Over the next few weeks, the UK’s Conservative Party members will choose their next leader and the country’s next prime minister after the field was yesterday reduced to two contestants: Rishi Sunak and Liz Truss.

The person who wins the final vote among party members in September will likely lead the Tories into the next election in two years’ time.

The campaign of the leadership contestants has had an air of detachment from reality, with candidates resorting to evasion, magical thinking, black operations and mud-slinging. A Sky News TV Conservative leadership debate was cancelled as Conservative MPs were said to be concerned about the damage the discussions were doing to the party’s image by exposing disagreements and splits.
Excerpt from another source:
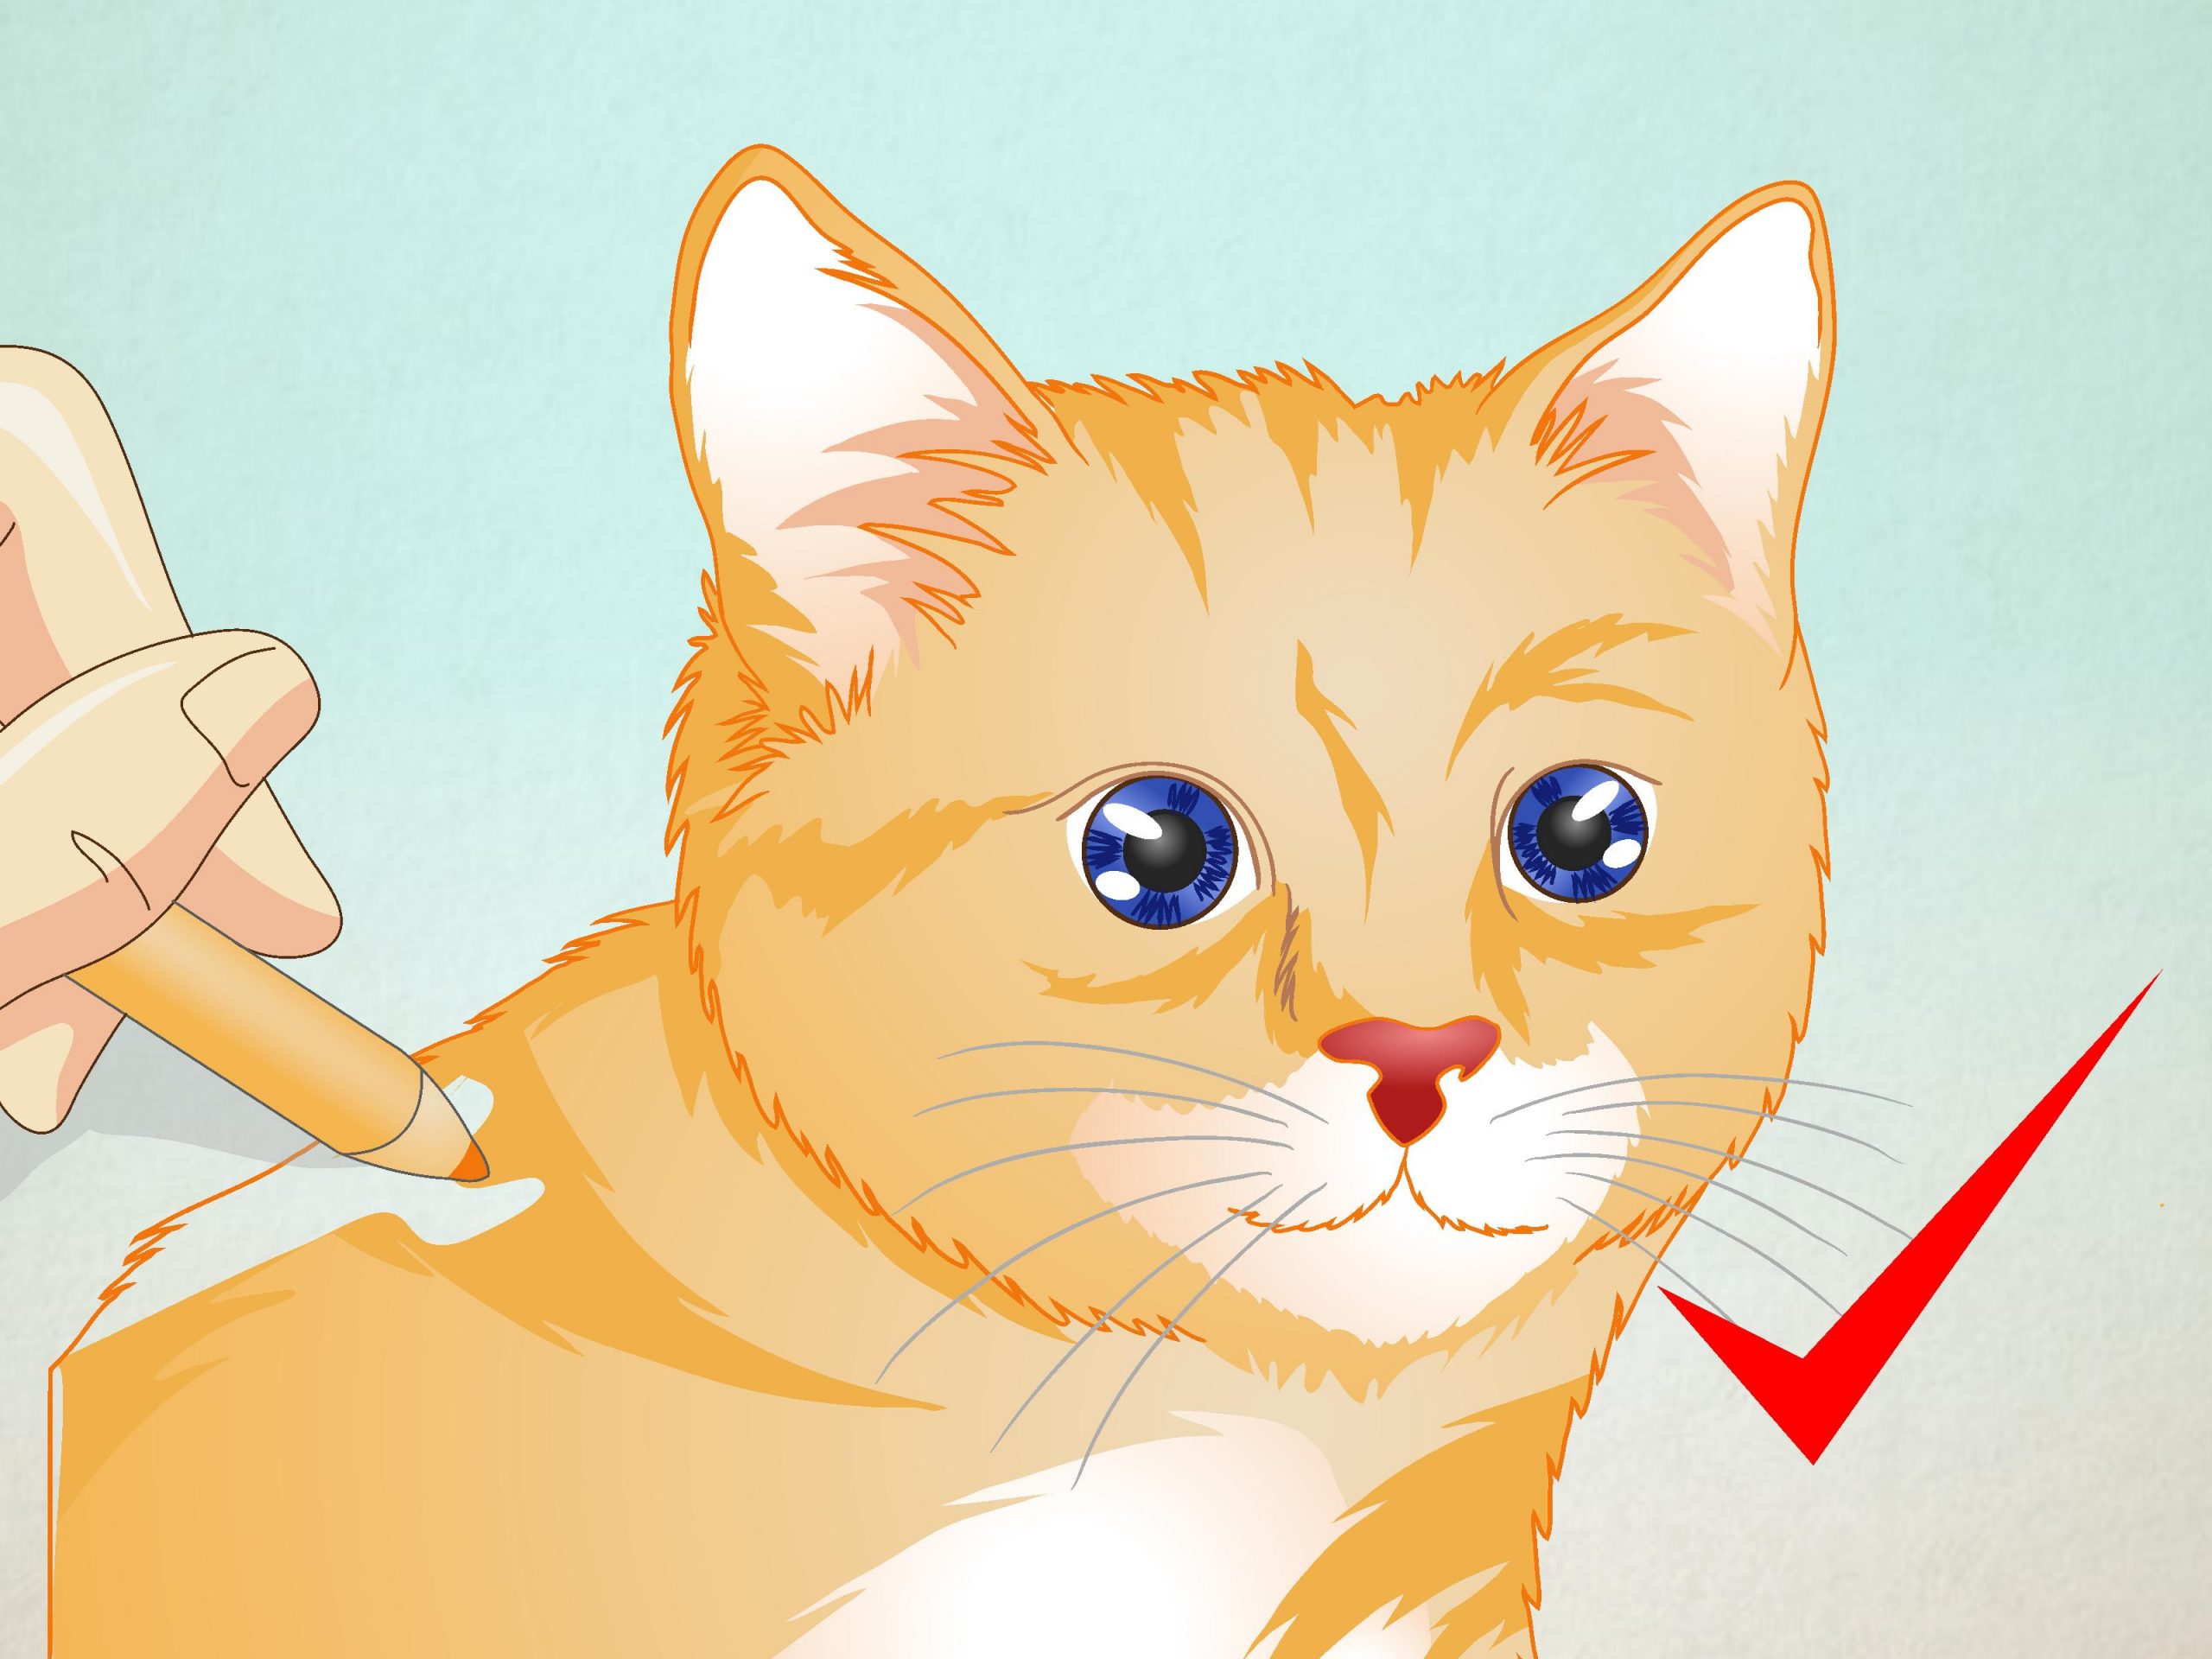 Ein Katzengesicht Zeichnen: 8 Schritte (Mit Bildern) – Wikihow ganzes Katzengesicht Zeichnen

The battle for No. 10 Downing Street has, so far, been disappointing. Many Britons still look forward to the UK thriving after Brexit and now to dealing successfully with the threats of spiralling energy and food costs. High persistent inflation is causing misery to households who despair about the lack of serious political debate on how the country needs to address its current social and economic challenges.

All candidates played the nostalgia card claiming they are loyal to Margaret Thatcher’s political legacy. Yet, today the UK’s economic challenges are very different from those when Thatcher was prime minister. For instance, the UK’s gross domestic product per head is 11 per cent behind that of Germany. This is worse than the six per cent gap before the financial crisis a decade ago.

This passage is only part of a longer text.